* DATASET RECORDS
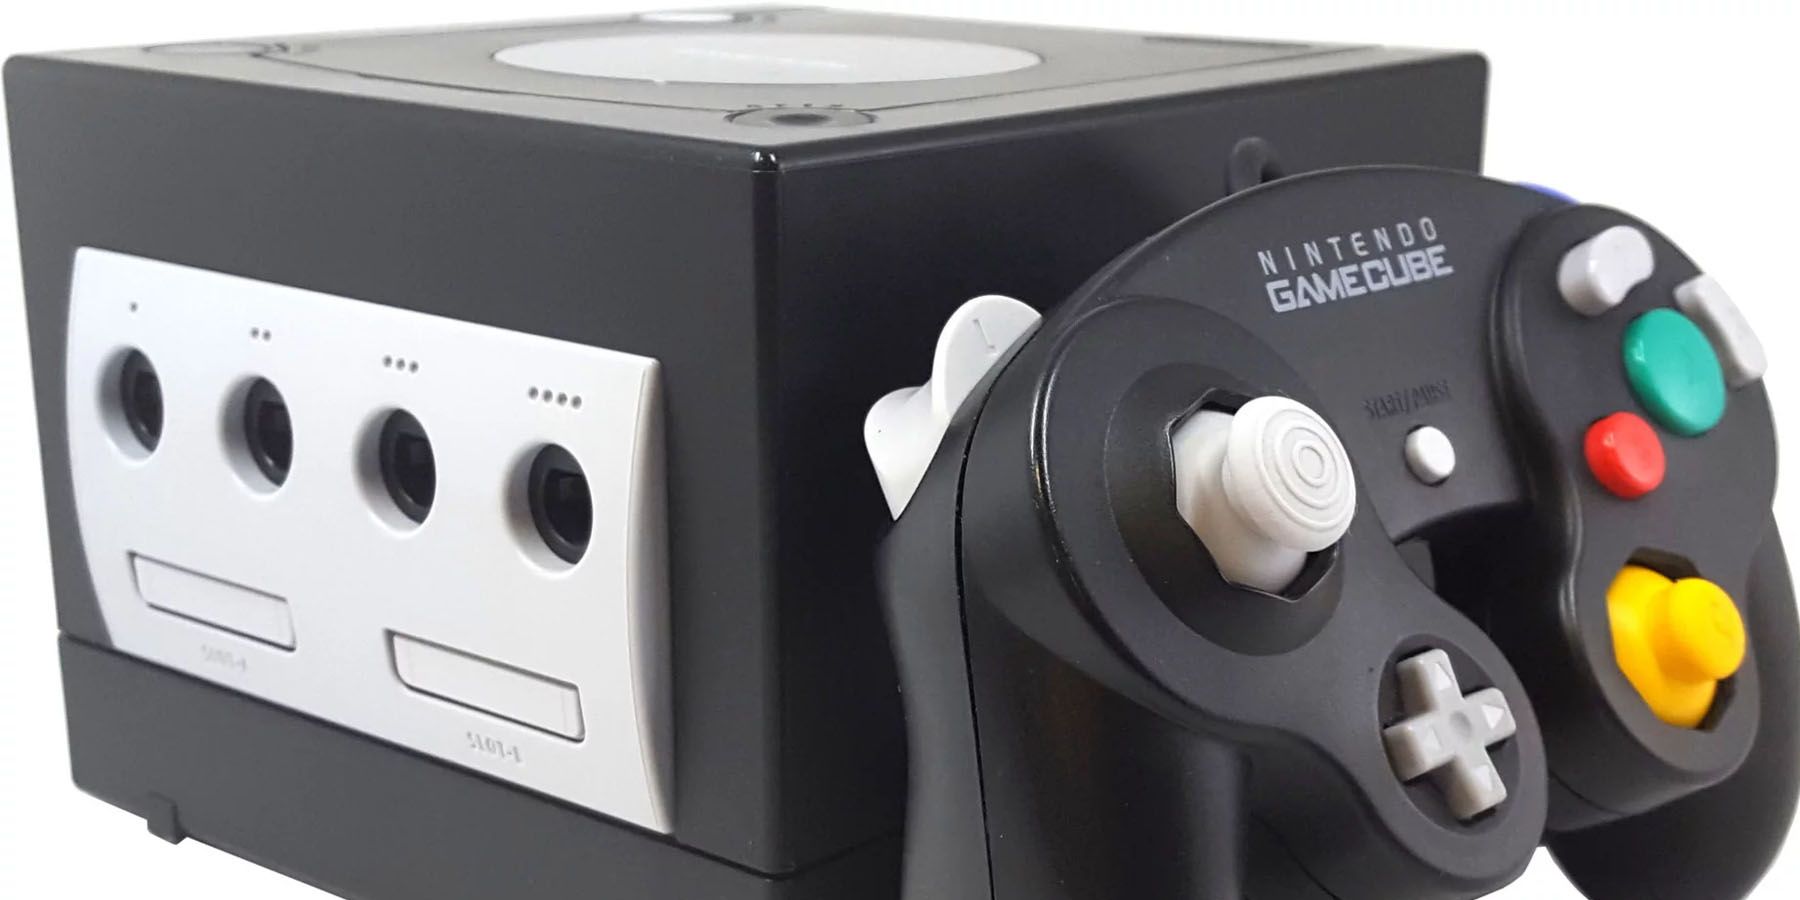 A photo of a black Nintendo GameCube and matching controller against a white background.
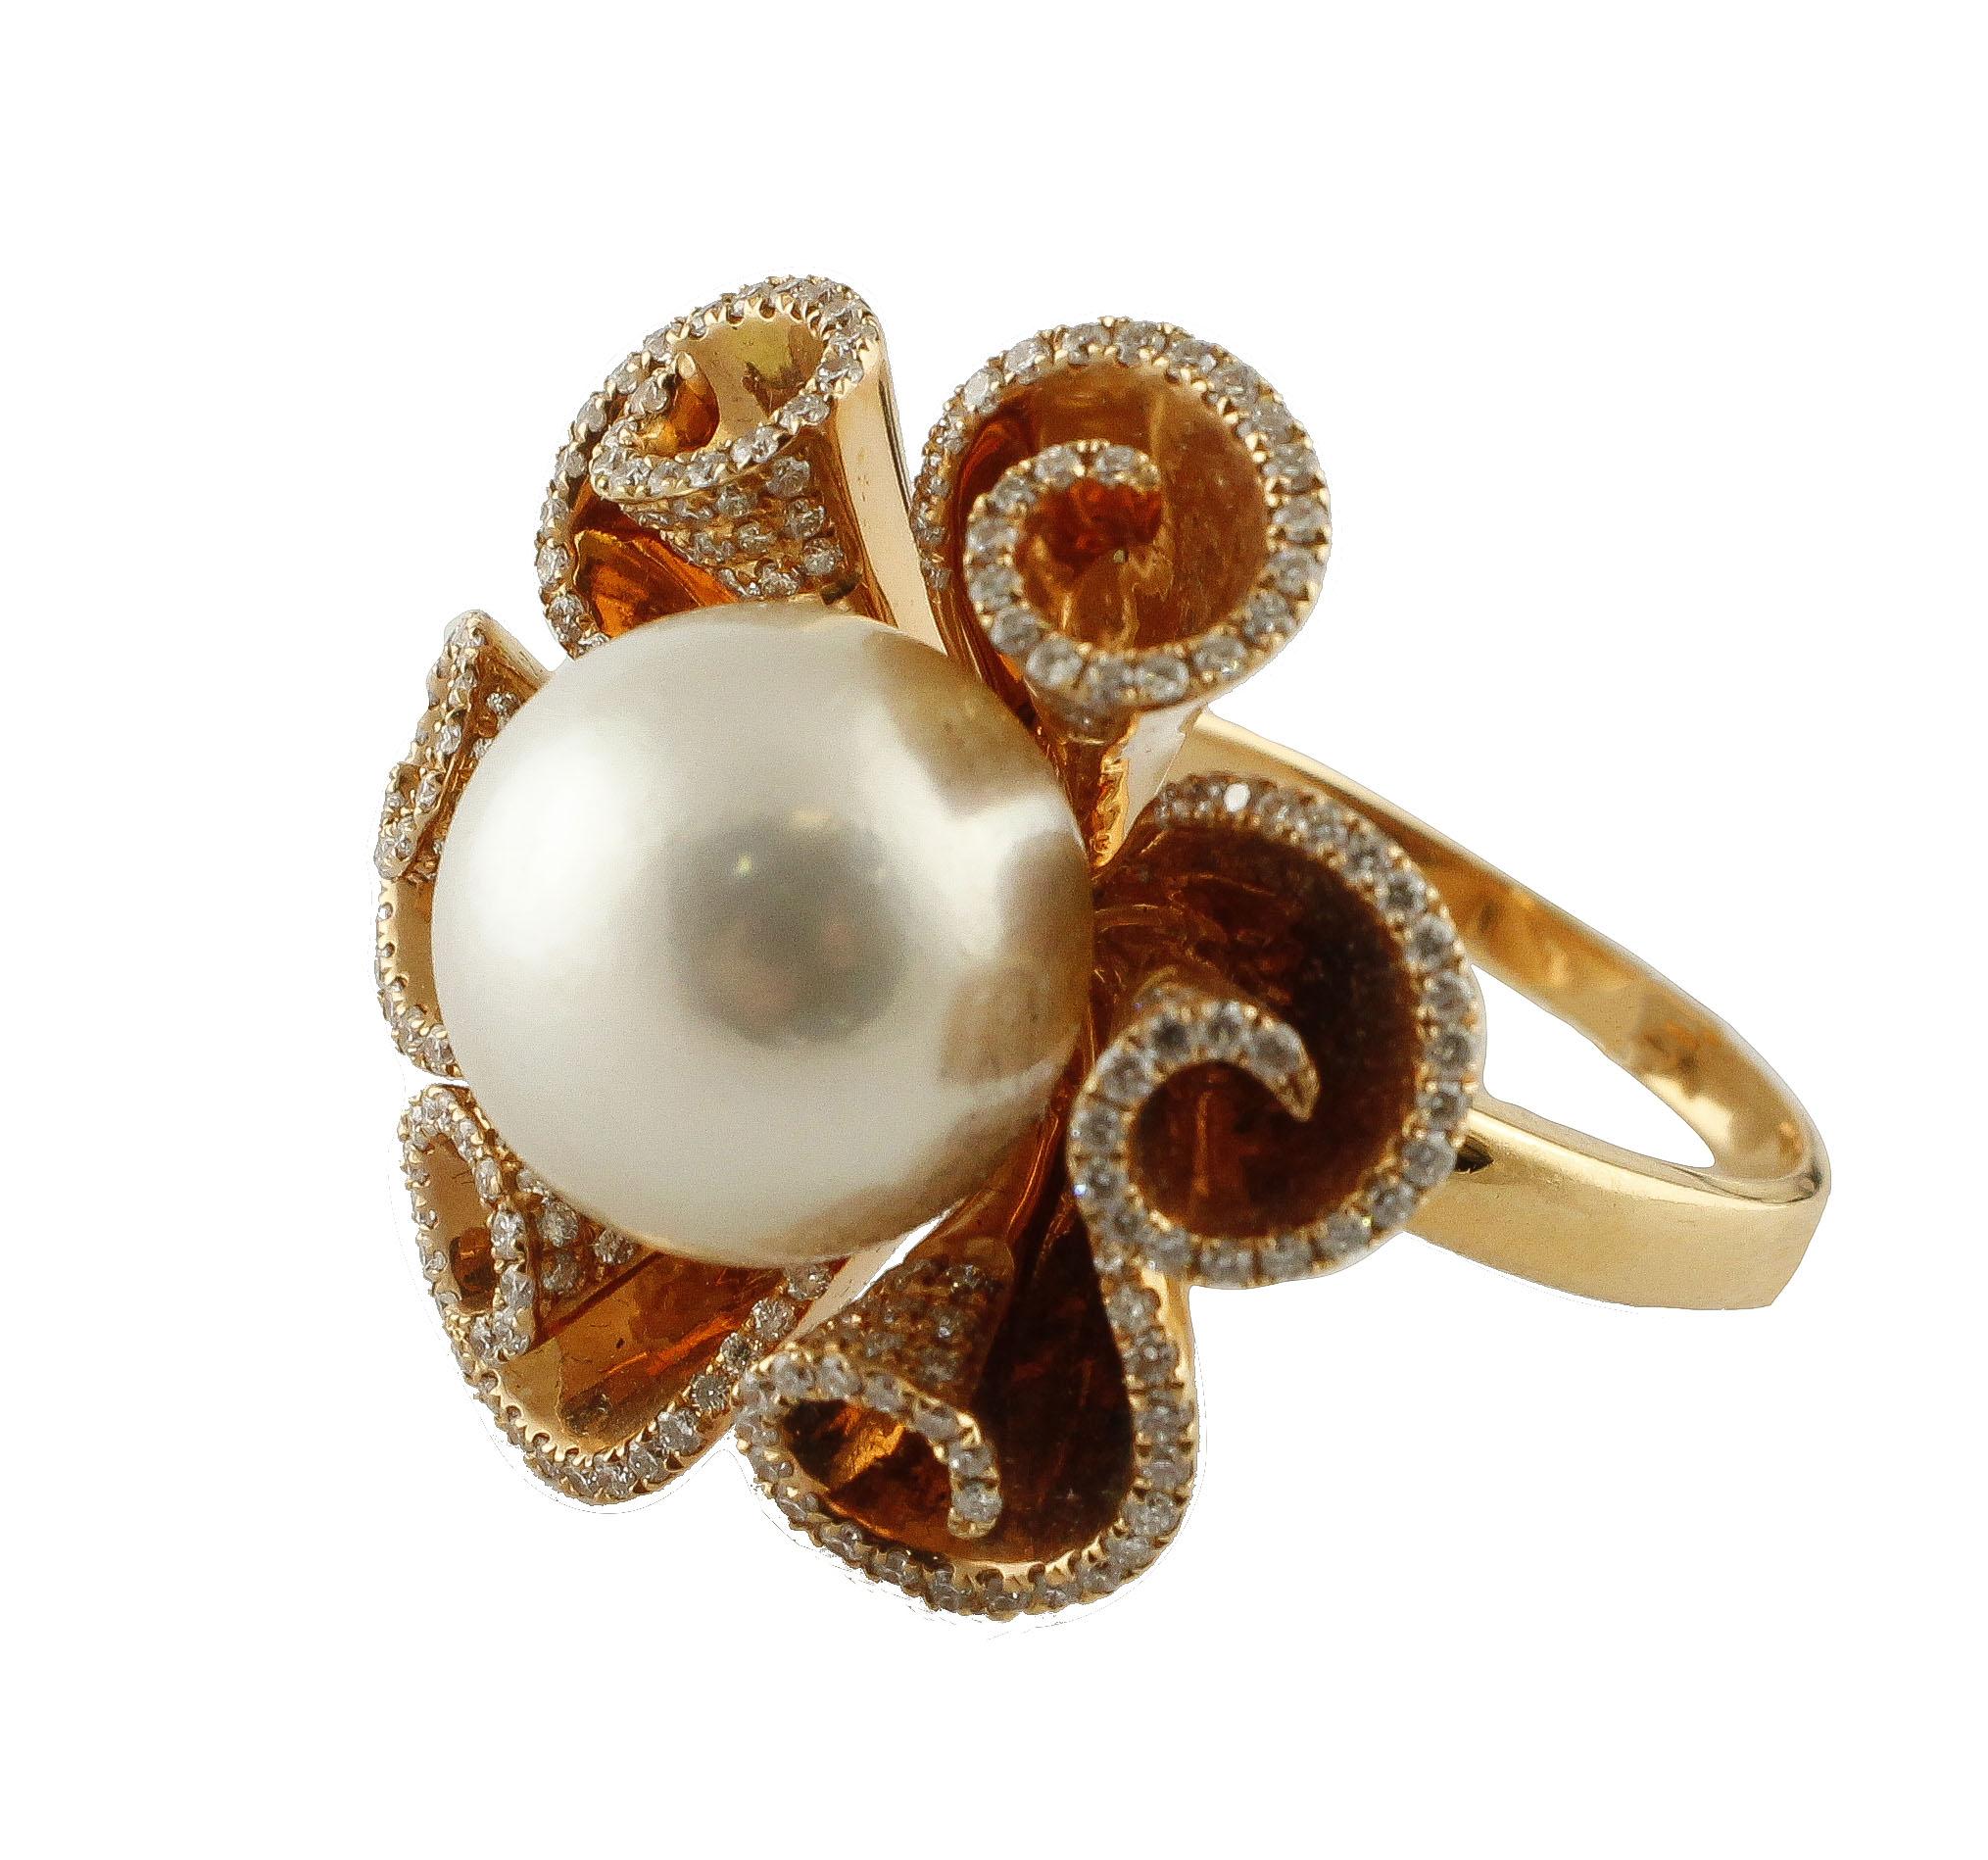 Stylized flower shaped ring in 18kt yellow gold composed of a central pearl surrounded by petals covered in diamonds.

diamonds 0.88kt
pearl 12mm/0,47inch
tot weight 13.3gr
r.f.  hgfi

We hereby inform our customers that in the case of return they
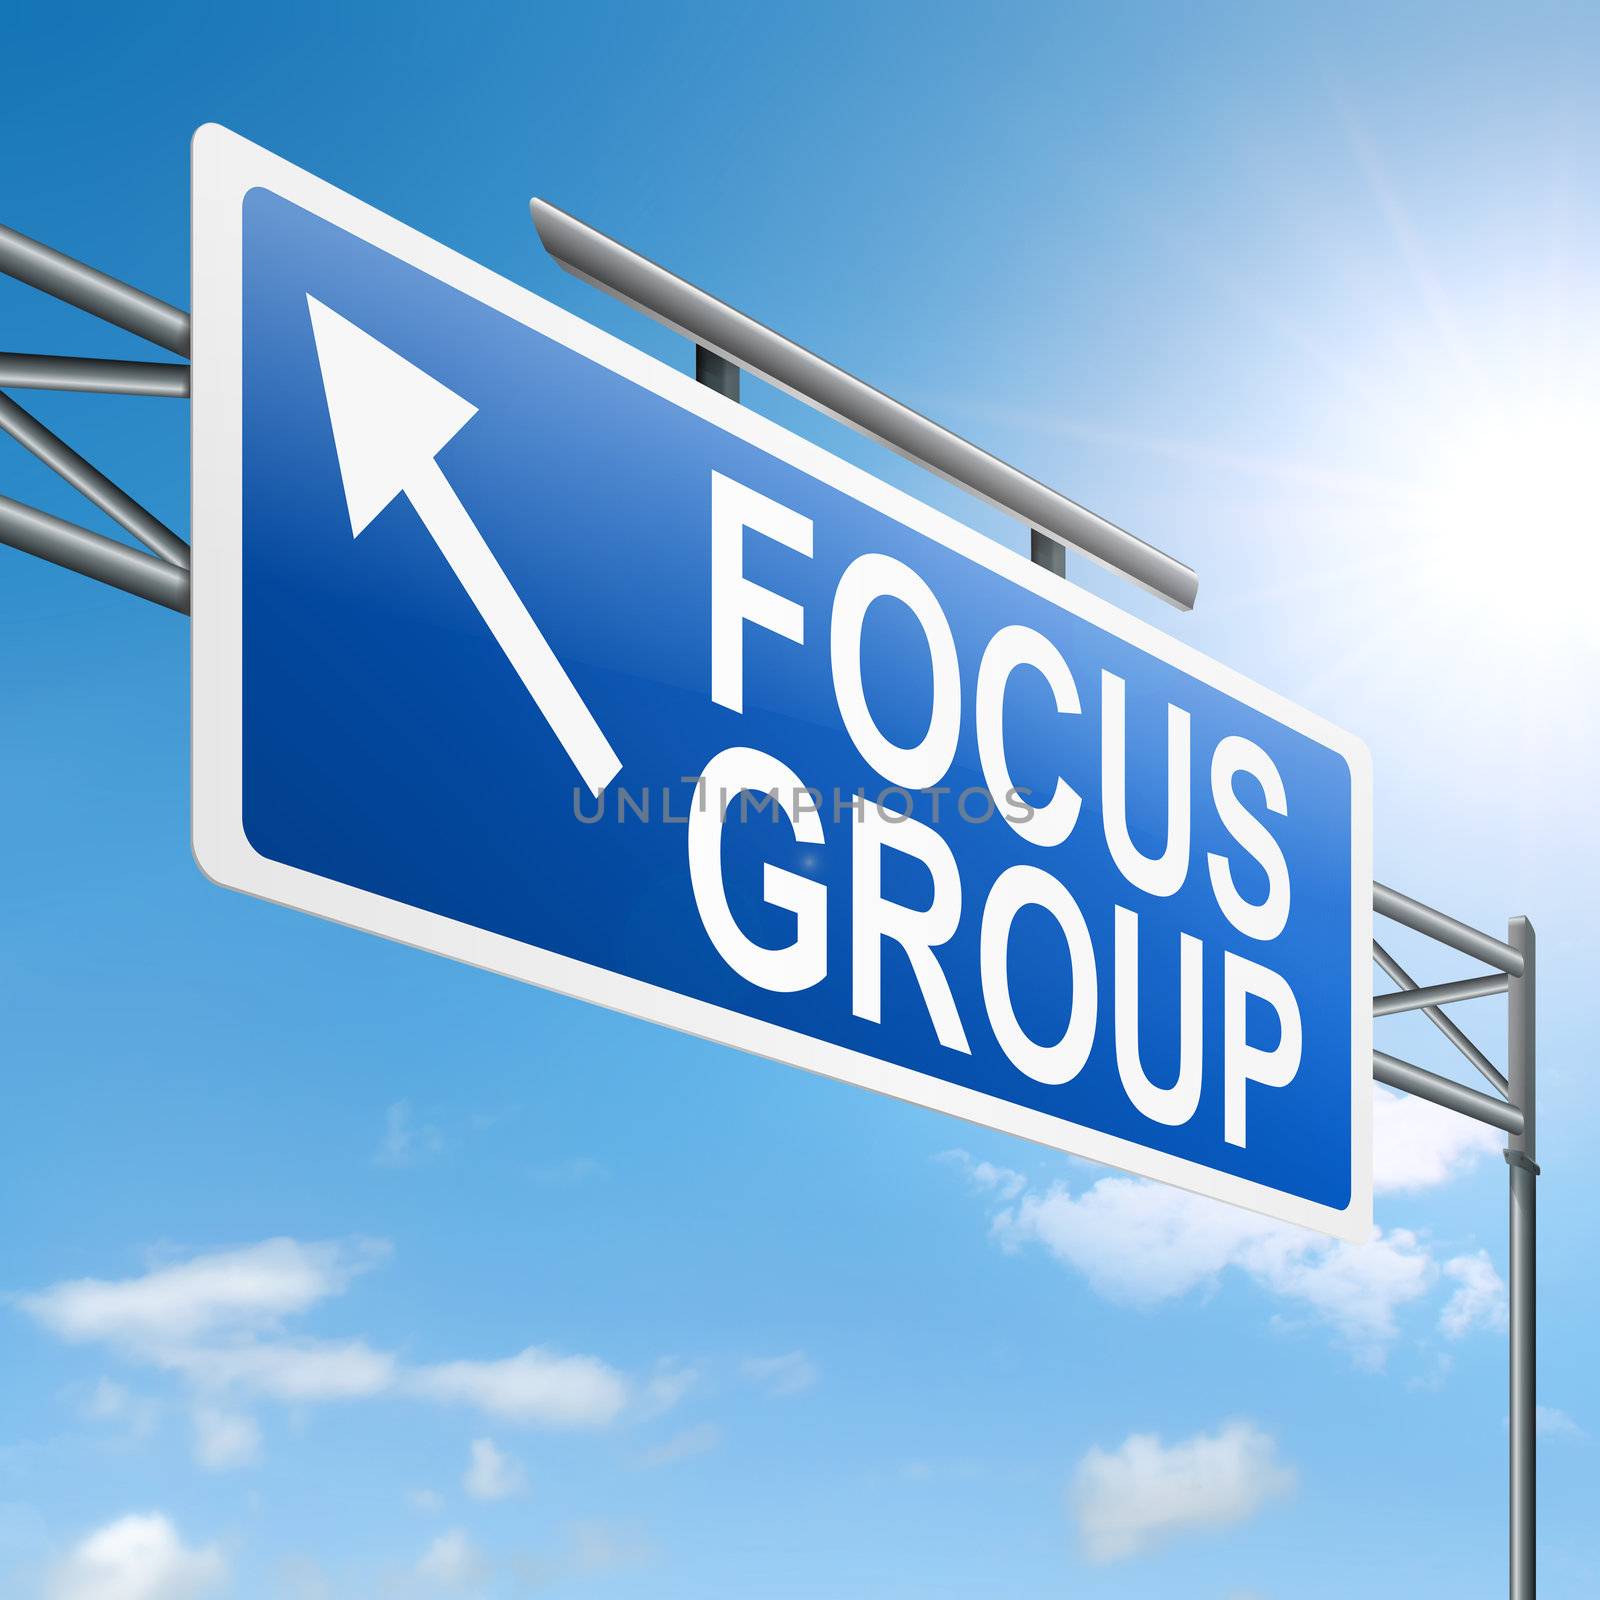 Illustration depicting a roadsign with a focus group concept. White background.

* HOW TO COMPLETE THIS TASK
Where an entry contains an image, skip the image; repeat everything else exactly.

* RESPONSE TO THE EXERCISE
 A photo of a black Nintendo GameCube and matching controller against a white background.
 Stylized flower shaped ring in 18kt yellow gold composed of a central pearl surrounded by petals covered in diamonds.

diamonds 0.88kt
pearl 12mm/0,47inch
tot weight 13.3gr
r.f.  hgfi

We hereby inform our customers that in the case of return they
 Illustration depicting a roadsign with a focus group concept. White background.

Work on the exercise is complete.